Braintrust's Eval() function supports a trialCount parameter that runs each input multiple times to measure variance in non-deterministic LLM outputs. However, this setting applies globally to all inputs, which creates some (but minimal) friction in some evaluation workflows. For example:

  1. Targeted Debugging is Expensive: When investigating a single flaky test case, you want to run it 10-20 times to understand the variance pattern. With global trialCount, this means running your entire suite 10-20 times, multiplying costs and wait time unnecessarily.

  2. Mixed Determinism is Common: Real evaluation suites contain a mix of deterministic scenarios (math problems, factual lookups) and non-deterministic ones (creative writing, open-ended reasoning). Forcing the same trial count on both wastes resources.

  3. Cost Scales Linearly: Every additional trial means another LLM API call. A global trialCount: 5 on a 100-item dataset means 500 API calls, even if only 10 items actually need variance analysis.

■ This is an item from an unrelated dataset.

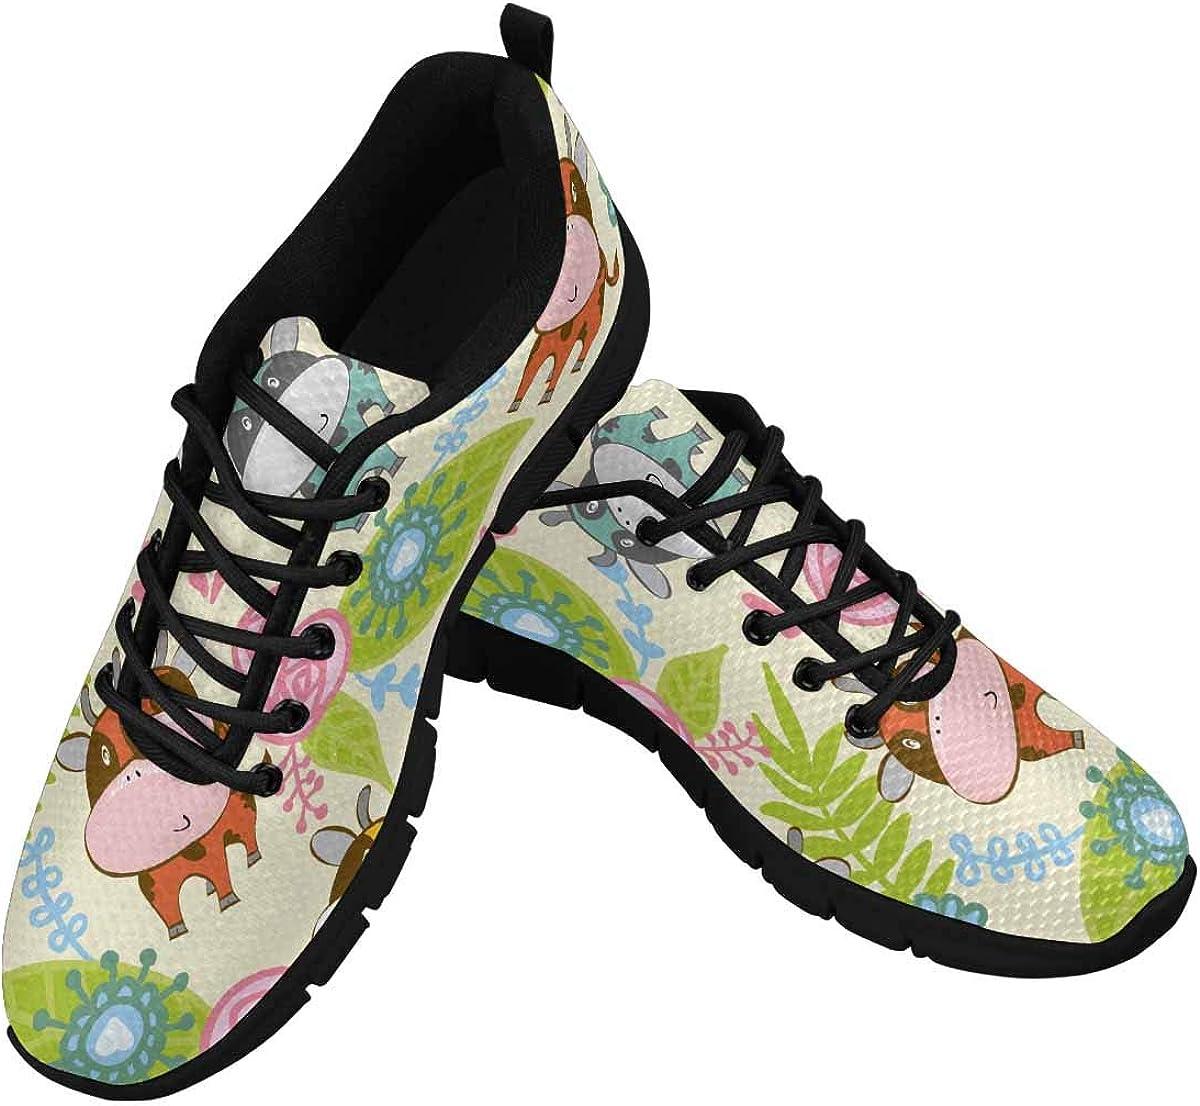 InterestPrint Cartoon Cows Leaves Women's Athletic Walking Running Sneakers Comfortable Lightweight Shoes

In order to address this, we've created a custom solution that I want to propose as a contribution. Specifically it, allows each data item to specify its own trialCount, overriding the global default. This gives users fine-grained control over where to invest their evaluation budget.


What?

Eval("My Project", {
  data: [
    { input: "stable query", expected: "..." },                    // Uses global (3)
    { input: "flaky query", expected: "...", trialCount: 10 },     // Override to 10
    { input: "deterministic", expected: "...", trialCount: 1 },    // Override to 1
  ],
  task: myTask,
  scores: [Factuality],
  trialCount: 3, // Global default
});

There is a corollary Python PR up to match it here: #1342

Allow data items to specify their own trialCount, overriding the global
evaluator setting. This enables targeted debugging of flaky test cases
and mixed determinism scenarios without multiplying the entire suite.

- Add optional `trialCount` field to `EvalCase` type
- Per-item trialCount takes precedence over global trialCount
- Items without trialCount use the global value (or 1 if unset)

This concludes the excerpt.